Given that within-region variation outside the West may not represent all countries within the area, an analysis focusing on the wealthiest countries within each region could be valuable in identifying potential pairings between wealthy nations with high scientific productivity but aging populations and countries with burgeoning potential and youthful populations. The starting point for identifying such countries can be found in previous interaction scatterplot visualizations exploring the relationship between variables.

Researchers in R&D

As above, the data in each panel are scaled to the specific region. Scientific output has exhibited consistent growth across all regions during the study period, except for one notable exception: the West has remained stable without any growth for the past seven years. Despite this stagnation, the West maintains the highest output among all regions. In contrast, Asia, Latin America, and the Middle East have experienced exponential growth.

Eastern Europe, having weathered significant political upheavals earlier in the past decade, has since rebounded and begun to increase productivity. However, the ongoing conflict in Ukraine poses a potential threat to this upward trend, emphasizing the critical role of political stability alongside a robust GDP.

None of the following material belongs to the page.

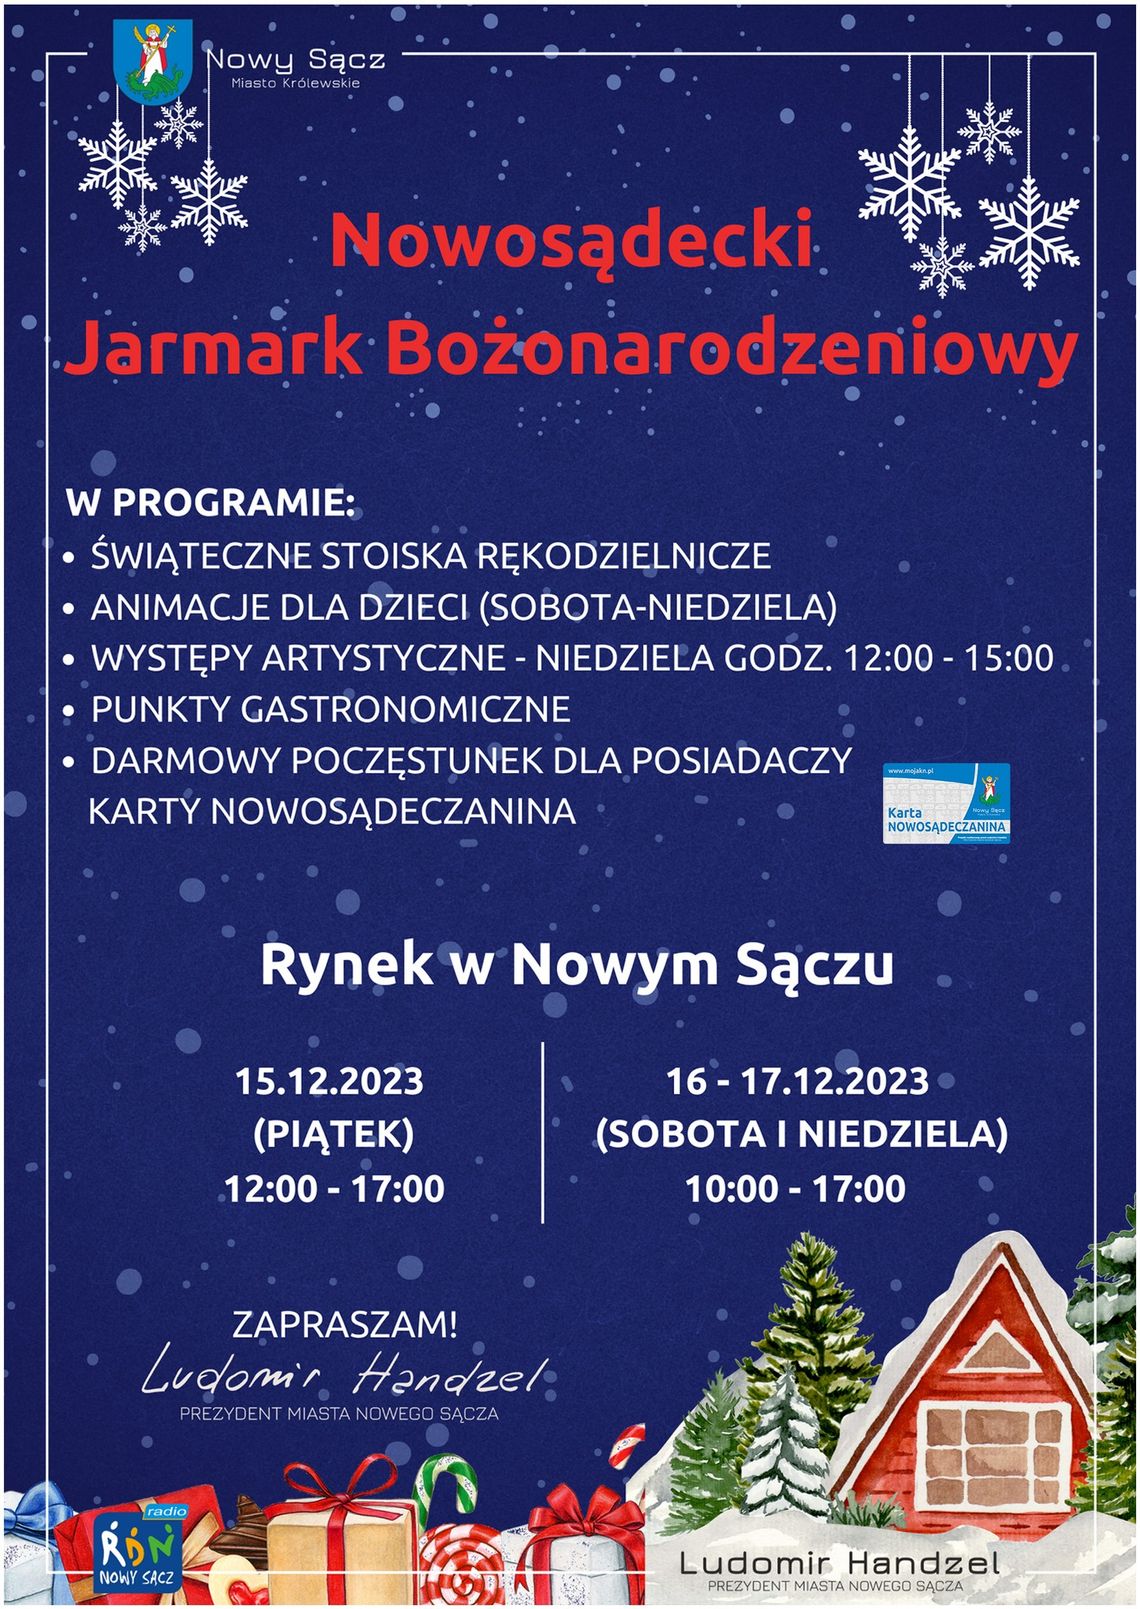 Nowosądecki Jarmark Bożonarodzeniowy | halogorlice.info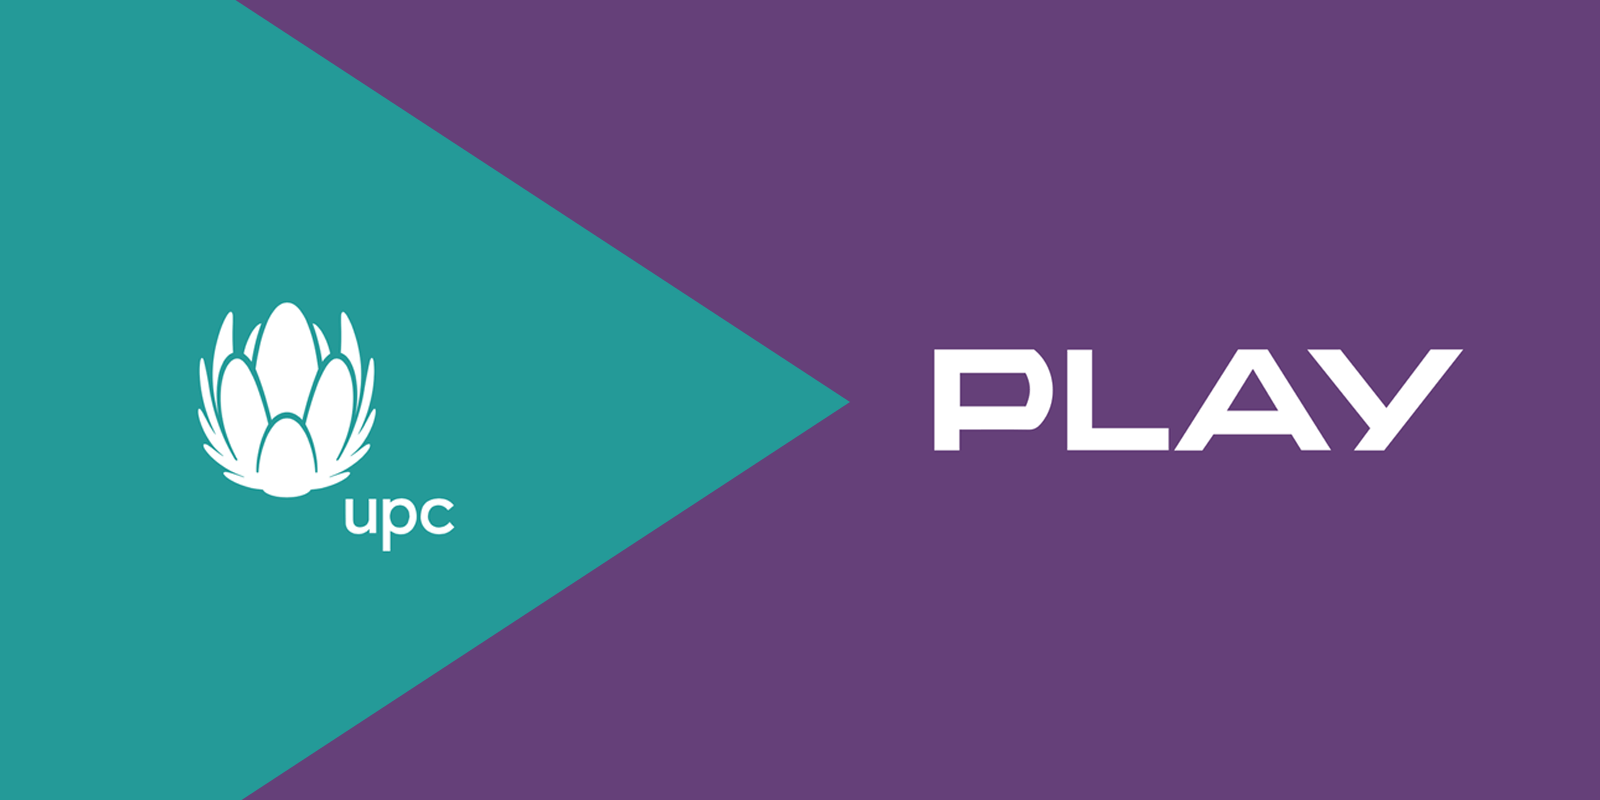 Marka UPC przemianowana na Play – co to oznacza dla klientów? UPC Polska MEDIARUN COM PLAY UPC V2

Africa’s scientific output has shown limited and inconsistent growth, likely due to political turbulence and erratic economic conditions. When comparing current time series data to predicted values, Africa, the Middle East, and Latin America display wider margins of error in prediction, reflecting the less consistent data observed over the study period. This unpredictability follows a decreasing order, with Africa being the most unpredictable. Additionally, Asia continues to maintain a notably high growth curve, while projections for the West and Eastern Europe suggest less significant gains in the foreseeable future.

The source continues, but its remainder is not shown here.